Я вернулся на третье утро. С обманчиво чистыми руками и свеженькой рубахой почти в размер. Со стороны и не приметишь, но в бурой мошне плотняком лежало серебро покойников – добавка к обещанной плате. Острог едва проснулся: медлительный дозор на стене щурился, провожая меня взглядом. Рослый дозорный в галерее подобрался к стрелку, пихнул его локтем. Прошептал тому на ухо что-то крайне любопытное – сонная рожа соседа вытянулась, и стрелок припал к ограждению, свесившись, чтобы меня разглядеть. Я остановился, задрал голову, и подмигнул со всей гадливостью, на которую был способен.
Послышался смешок. Точно любопытная, но испуганная крыса, стрелок спрятался за галереей. Но я спиной чуял, как за мной следят.
К Веледаге меня проводили от первых ворот. Он сидел в расшитой стеганке поверх ночных портков, болтал босой ногой возле сапога со шпорами и посматривал на свернутый листок. Из его кружки шел пар от гретого вина.

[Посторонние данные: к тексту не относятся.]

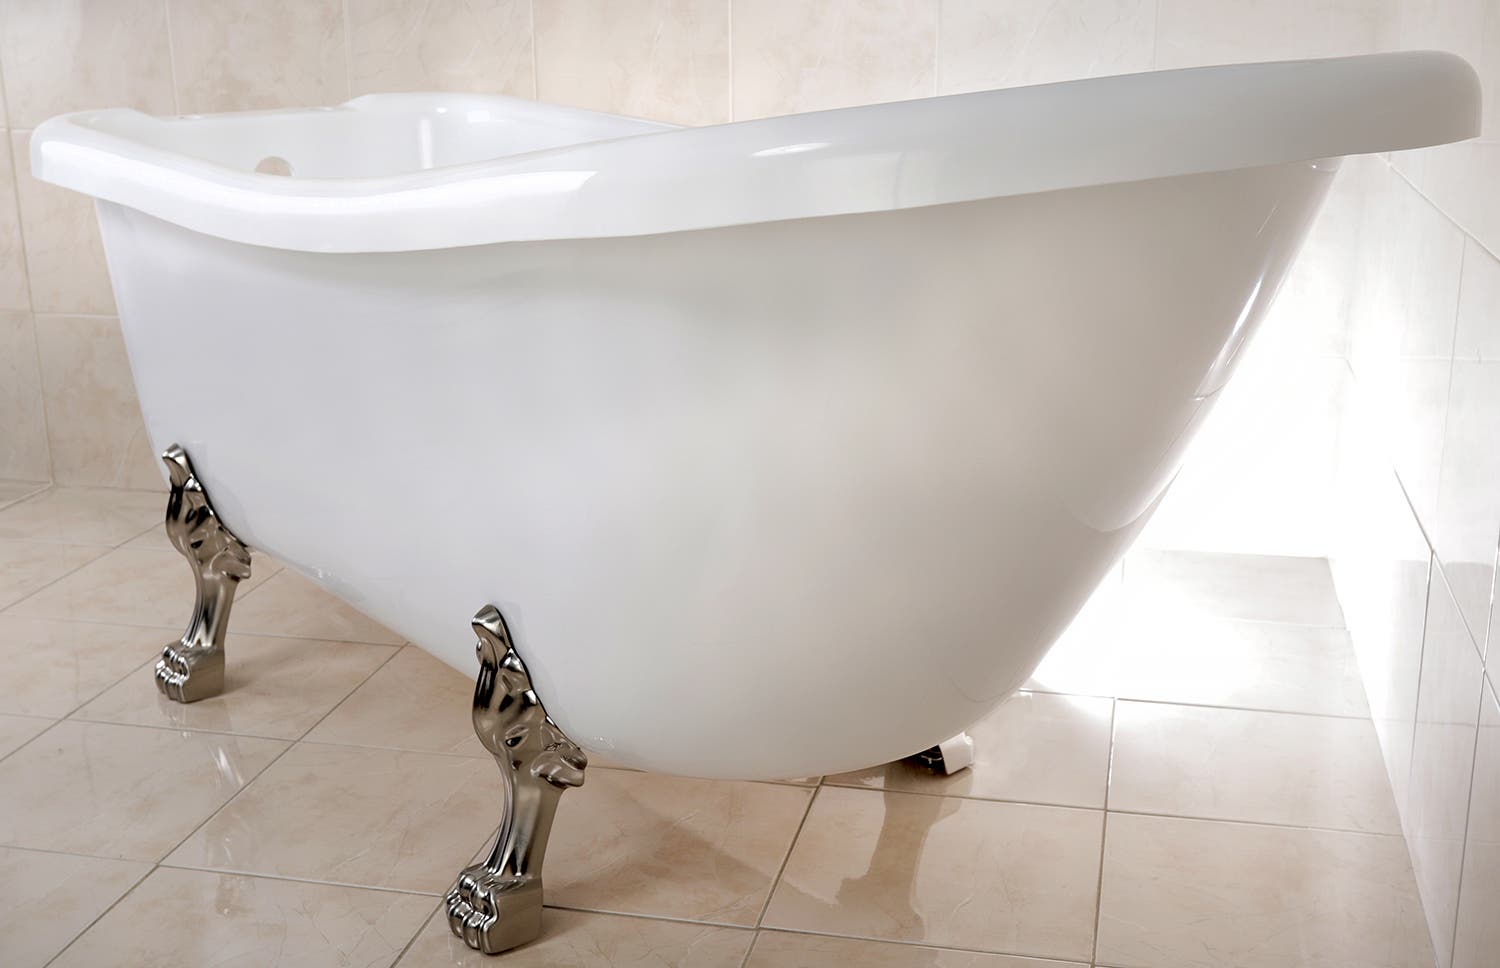 Tips for choosing the right clawfoot tub to suit your bathroom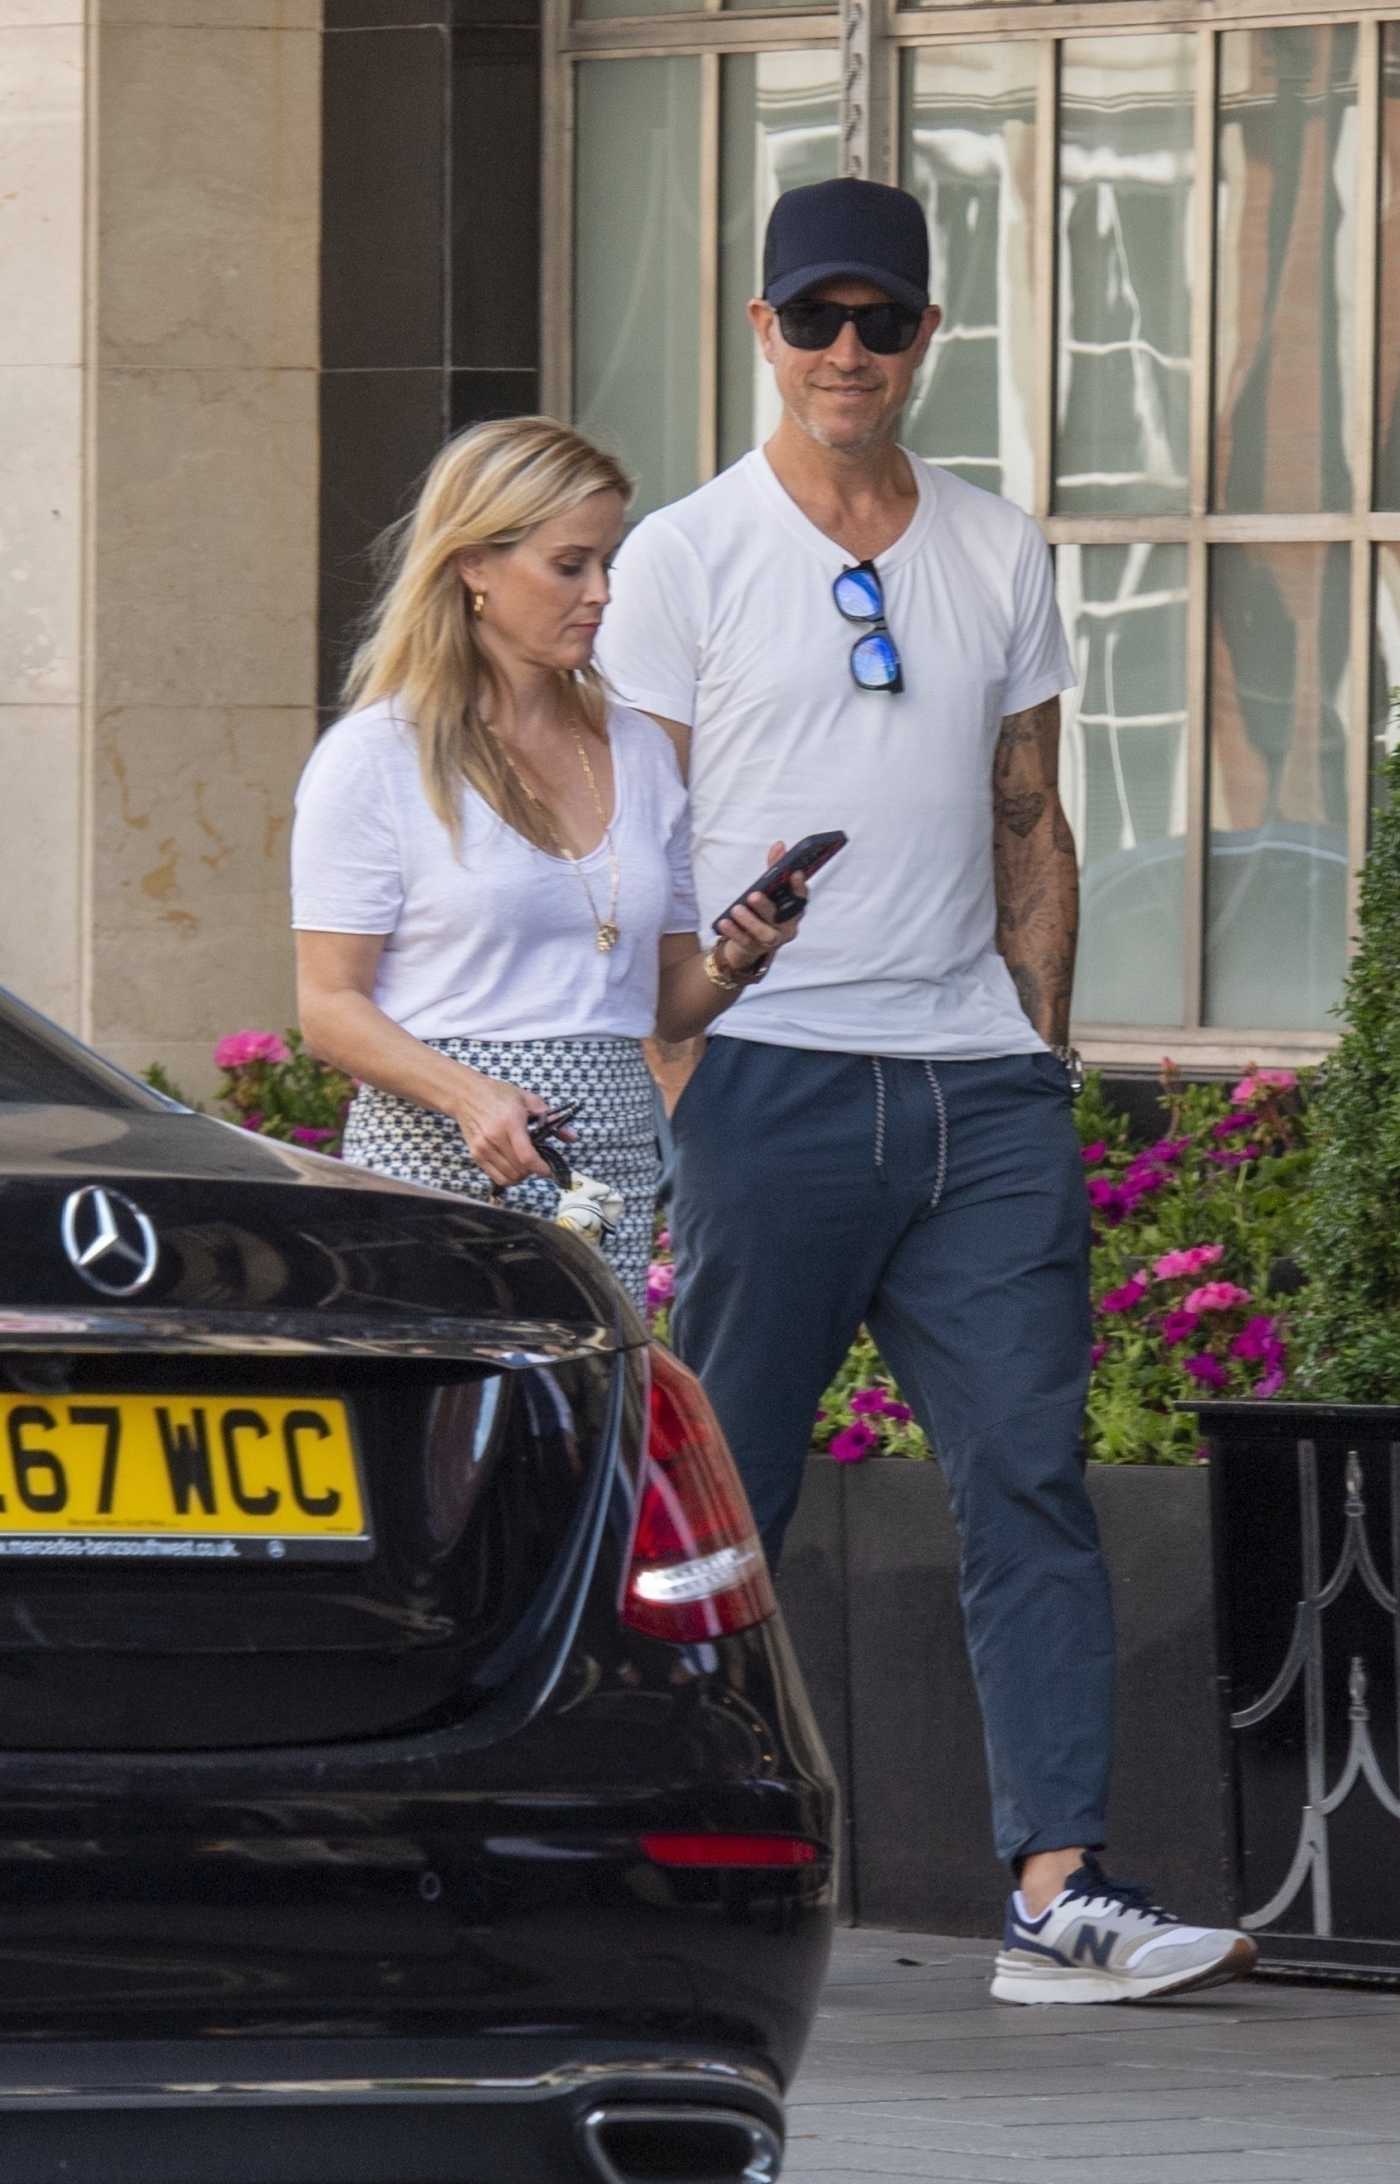 Reese Witherspoon in a White Tee Arrives with Her Husband Jim Toth at Claridge’s Hotel in London 07/13/2022

– Тебя опередила птаха, – голосом, скрипучим от долгого сна, произнес Веледага.
Скажу вам, что король болот, каким я его прозвал, имени своему не изменил. И в столь ранний час при нем на дозоре стояла троица увальней. Так-то считалось, что их пятеро, оттого и звались они Пятерней. Вон тот, что сейчас потирал глаза в углу, неуверенно посматривая в мою сторону – это Плюга. Некрасив, хоть в сравнении с Корягой все были красавцами, в меру туп, что я выяснил позже, и страшно азартен, на чем я не раз наварился.
– На то и нужны птахи, коли меня спросите, – я повел плечами. – А я для другого сгожусь.
Второй из Пятерни – Гарум-бо, большой человек с маленькими глазами, – звенел цепом, рассевшись при входе. Веледага поднял листок к глазам, будто позабыл, что ему доставила птица, и пересказал на свой лад:
– Тут говорят, что преставился старина Брусок.
Веледага страшно любил прозвища. С настоящими именами у него не ладилось. Третий из Пятерни – смуглый Кузул, метатель ножей и рано поседевший любитель вмазать санхала, рассеянно зачерпывал вино из котла.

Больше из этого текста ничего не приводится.